In [1]:
import numpy as np
import xgboost as xgb
from hummingbird.ml import convert, load

In [2]:
%load_ext memory_profiler

In [3]:
# Create some random data for binary classification
num_classes = 2
X = np.random.rand(100000, 28)
y = np.random.randint(num_classes, size=100000)

In [4]:
estimators=100

In [5]:
model_path = "humming_bird"+"-"+str(estimators)

## Train the xgb model

In [6]:
# Create the model (XGBoost in this case).
model = xgb.XGBRegressor(n_estimators=estimators, max_depth=8)

In [7]:
# Train the model
model.fit(X, y)

XGBRegressor(base_score=0.5, booster='gbtree', colsample_bylevel=1,
             colsample_bynode=1, colsample_bytree=1, gamma=0, gpu_id=-1,
             importance_type='gain', interaction_constraints='',
             learning_rate=0.300000012, max_delta_step=0, max_depth=8,
             min_child_weight=1, missing=nan, monotone_constraints='()',
             n_estimators=100, n_jobs=16, num_parallel_tree=1, random_state=0,
             reg_alpha=0, reg_lambda=1, scale_pos_weight=1, subsample=1,
             tree_method='exact', validate_parameters=1, verbosity=None)

In [8]:
# Save the model
model.save_model(model_path)

## Load the xgb model

In [9]:
model_loaded = xgb.XGBRegressor()

In [10]:
model_loaded.load_model(model_path)

In [11]:
model_loaded.predict(X)

array([0.428404  , 0.54306775, 0.4893642 , ..., 0.399043  , 0.5021067 ,
       0.5078474 ], dtype=float32)

In [23]:
batch_size = 1000

In [24]:
X_batch = X[0:batch_size]

## Humming Bird converting to Torch Model

In [25]:
%%time
%%memit
# Use Hummingbird to convert the model to PyTorch
# Note that XGBRegressor requires us to pass it some sample data.
hb_model = convert(model_loaded, 'torch', X_batch[0:1])

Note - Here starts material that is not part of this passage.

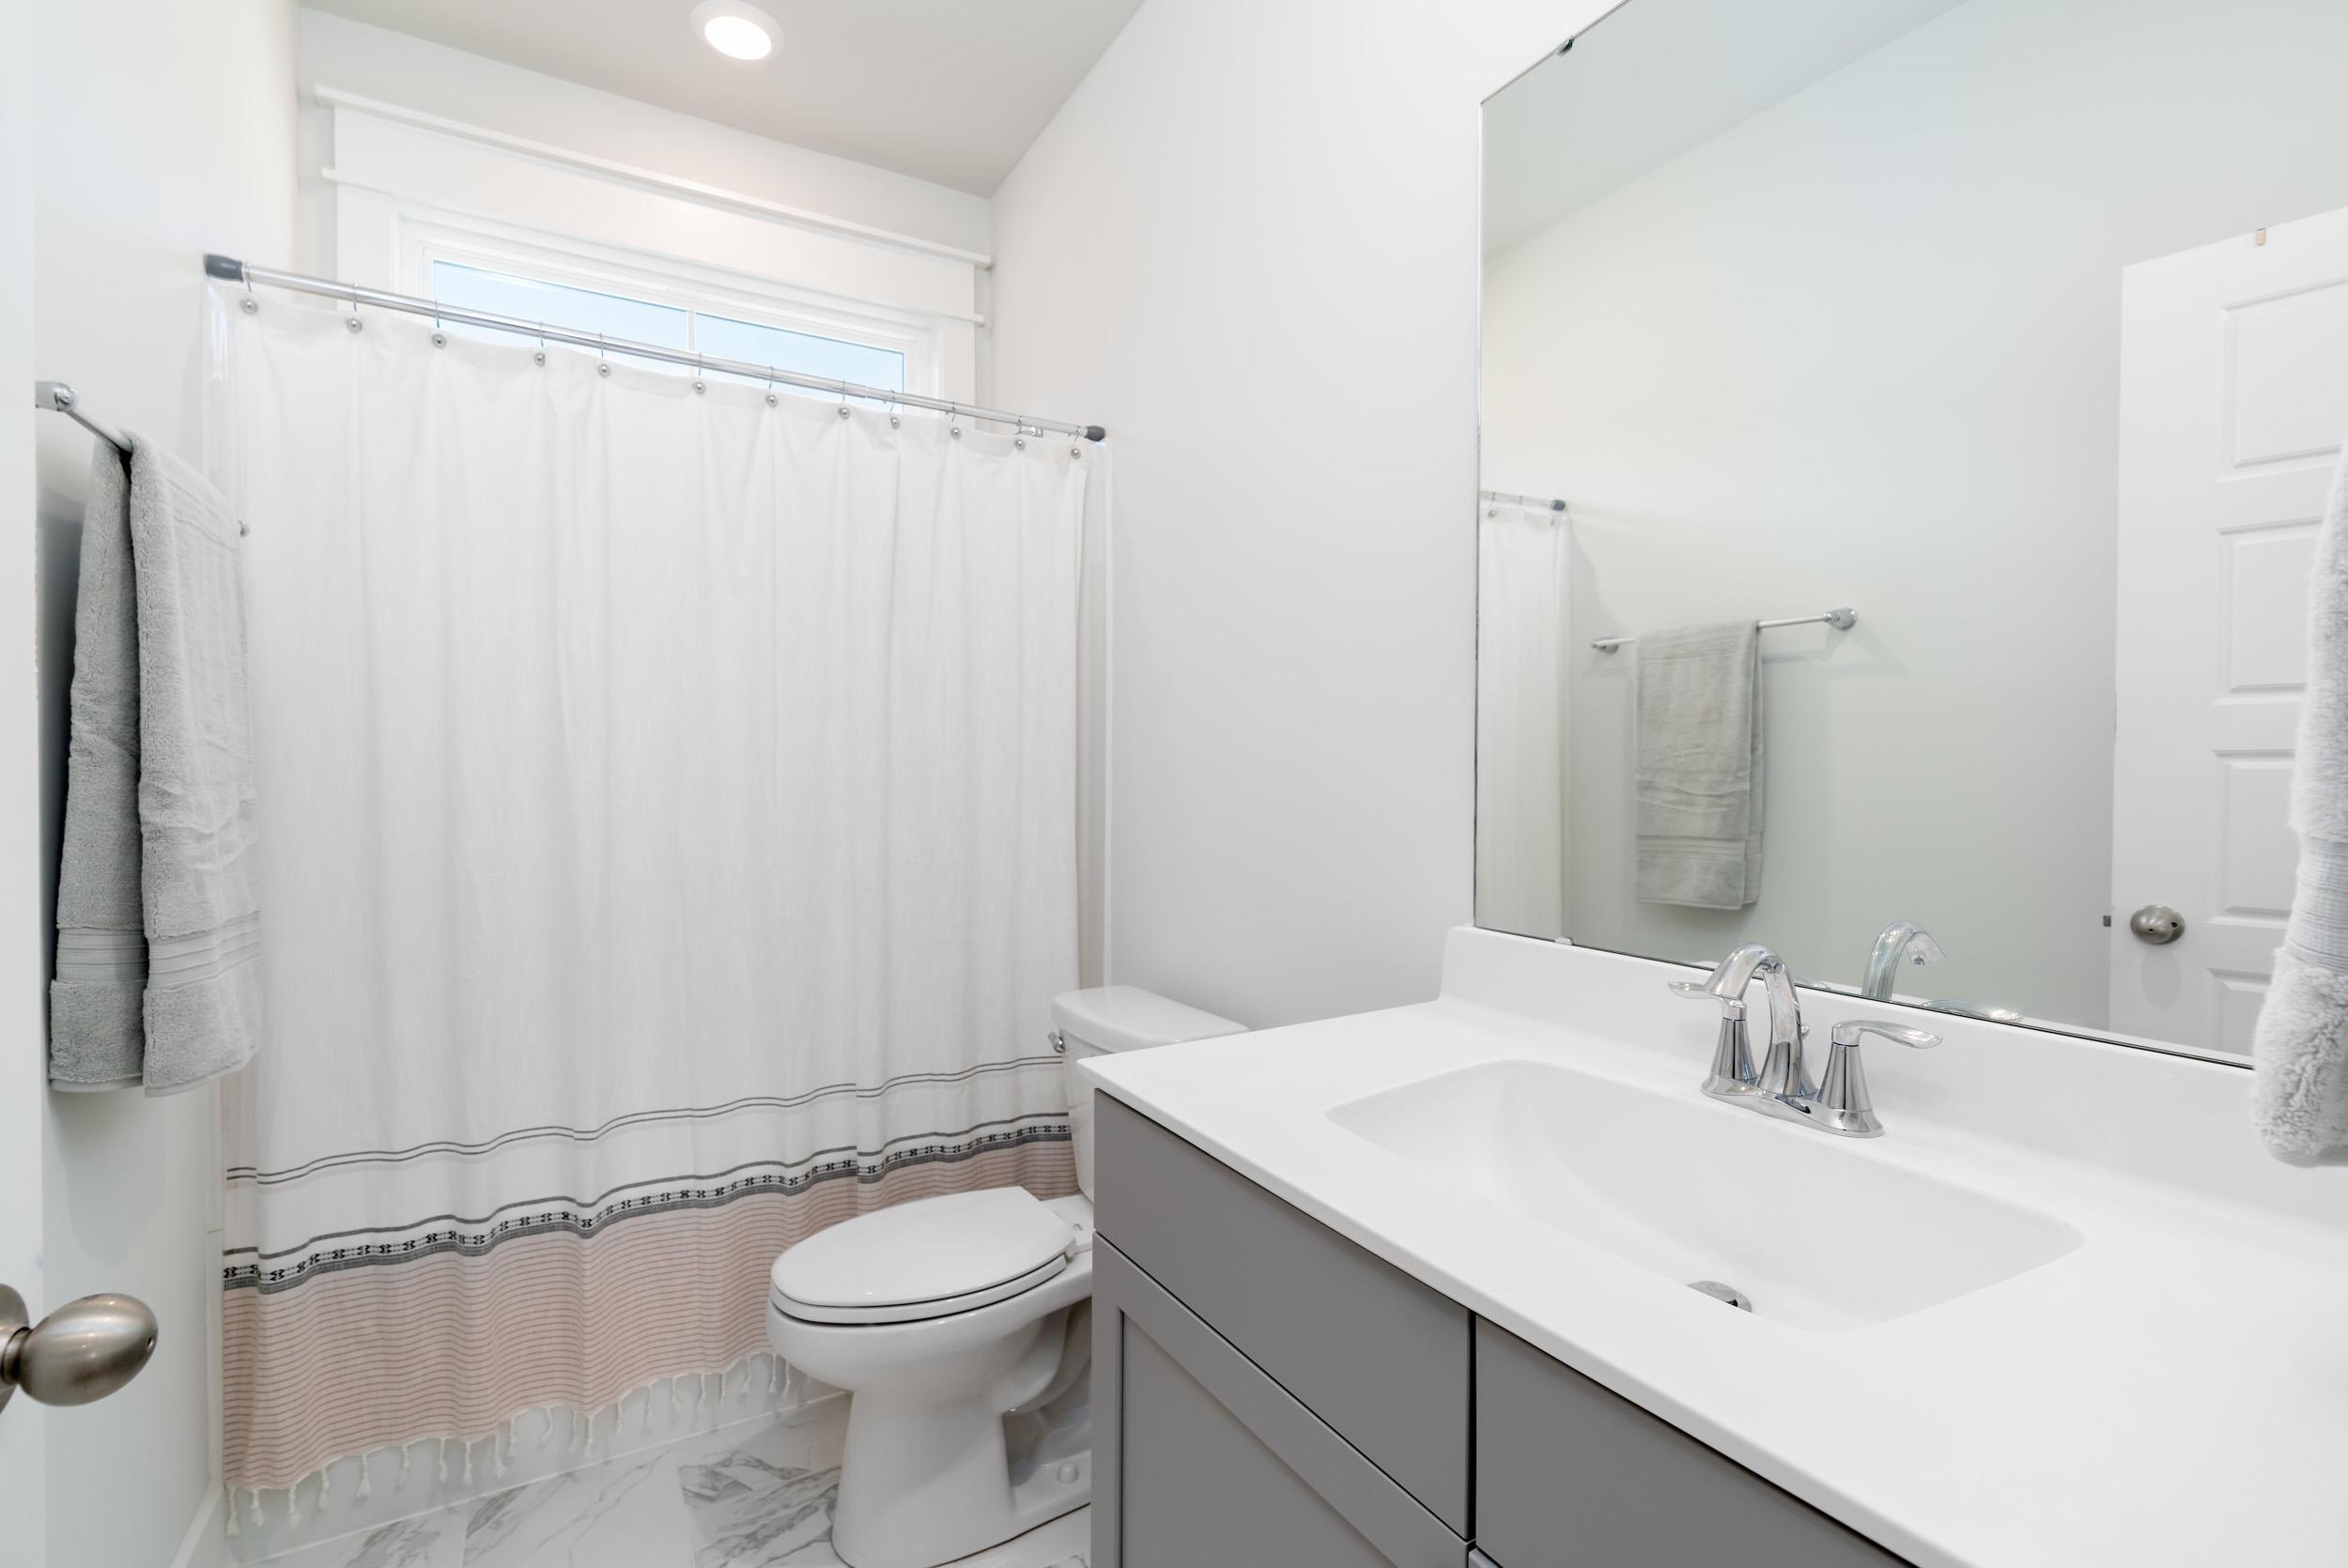 Hamlin Oaks Homes For Sale - 2921 Tranquility, Mount Pleasant, SC - 26
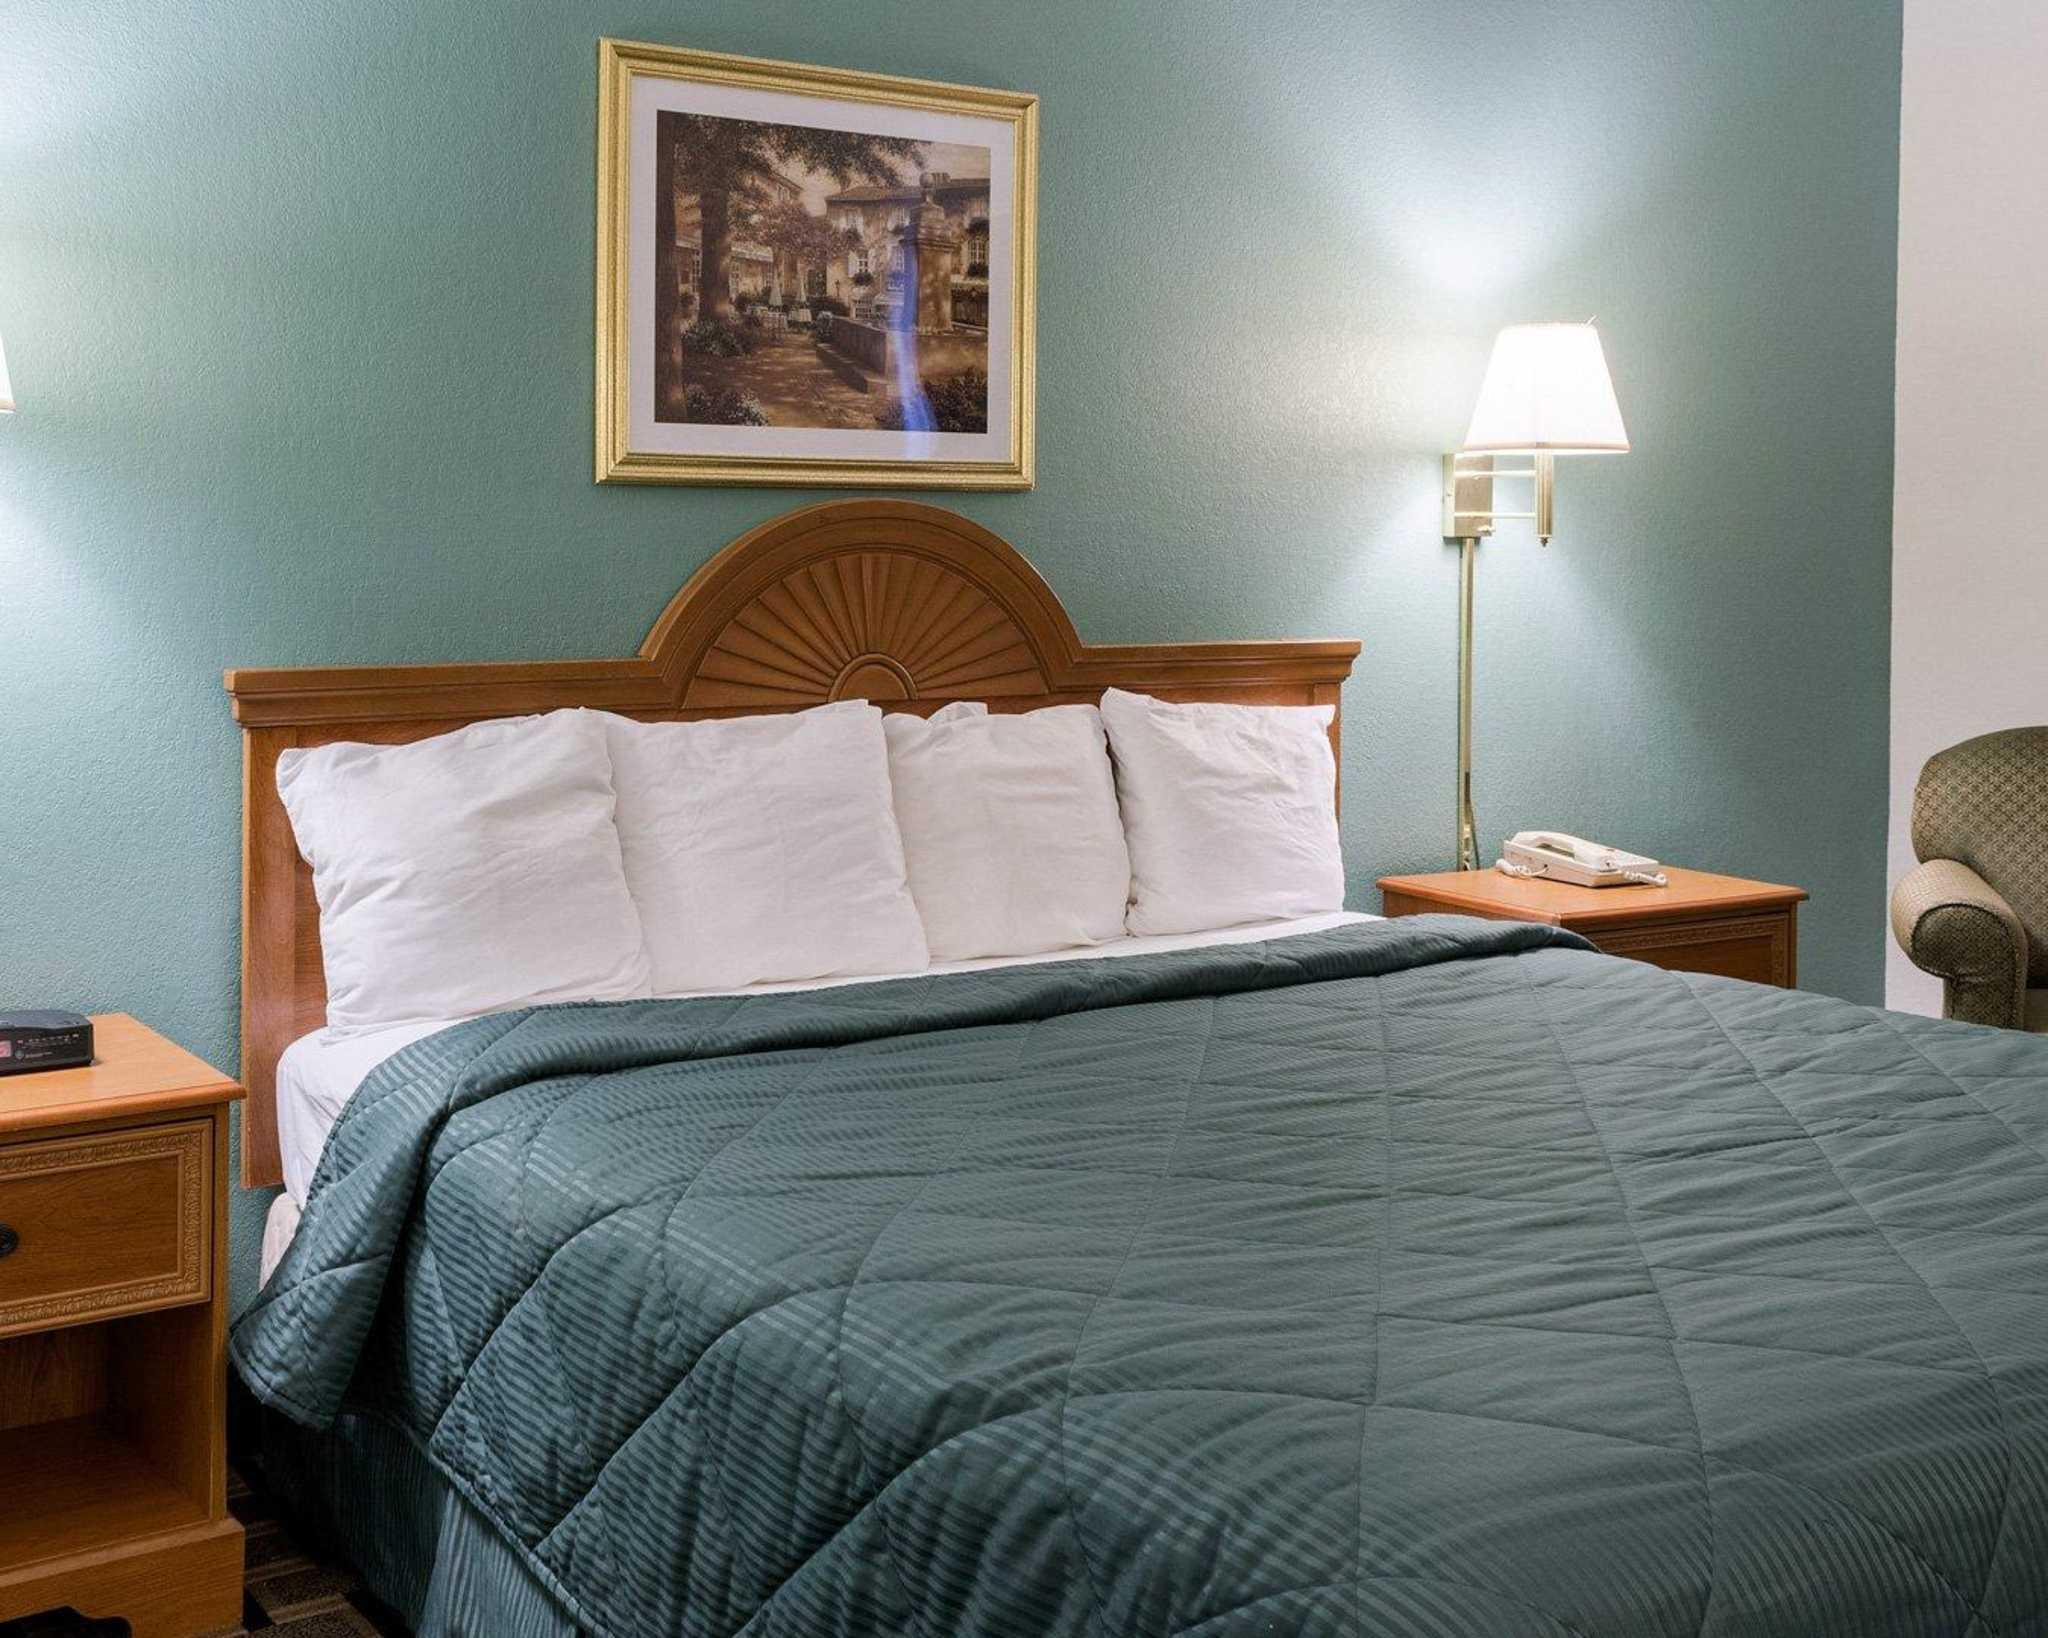 Quality Inn image 6

peak memory: 4818.18 MiB, increment: 13.82 MiB
CPU times: user 1.37 s, sys: 59.9 ms, total: 1.43 s
Wall time: 1.47 s


#### Humming Bird on CPU

In [26]:
%%timeit -r 3

# Run Hummingbird on CPU - By default CPU execution is used in Hummingbird.
hb_model.predict(X_batch)

4.03 ms ± 3.55 µs per loop (mean ± std. dev. of 3 runs, 100 loops each)


#### Humming Bird on GPU

In [27]:
%%time
%%memit

# Run Hummingbird on GPU (Note that you must have a GPU-enabled machine).
hb_model.to('cuda')


peak memory: 4816.00 MiB, increment: 0.00 MiB
CPU times: user 98.9 ms, sys: 255 ms, total: 354 ms
Wall time: 513 ms


In [28]:
%%timeit
hb_model.predict(X_batch)

959 µs ± 1.06 µs per loop (mean ± std. dev. of 7 runs, 1000 loops each)


## Predict using FIL on GPU

In [29]:
from cuml import ForestInference

#### Using Naive

In [30]:
%%time
%%memit
fil_model_naive = ForestInference.load(
    filename=model_path,
    algo='NAIVE',
    output_class=True,
    threshold=0.50,
    model_type='xgboost'
)

peak memory: 4816.00 MiB, increment: 0.00 MiB
CPU times: user 206 ms, sys: 132 ms, total: 338 ms
Wall time: 403 ms


In [31]:
%%timeit -r 3
# perform prediction on the model loaded from path
fil_preds_naive = fil_model_naive.predict(X_batch)

581 µs ± 1.95 µs per loop (mean ± std. dev. of 3 runs, 1000 loops each)


#### Using Tree Reorg

In [32]:
%%time
%%memit
fil_model_btr = ForestInference.load(
    filename=model_path,
    algo='BATCH_TREE_REORG',
    output_class=True,
    threshold=0.50,
    model_type='xgboost'
)

peak memory: 4815.96 MiB, increment: 0.00 MiB
CPU times: user 192 ms, sys: 156 ms, total: 348 ms
Wall time: 402 ms


In [33]:
%%timeit -r 3
# perform prediction on the model loaded from path
fil_preds_btr = fil_model_btr.predict(X_batch)

565 µs ± 1.29 µs per loop (mean ± std. dev. of 3 runs, 1000 loops each)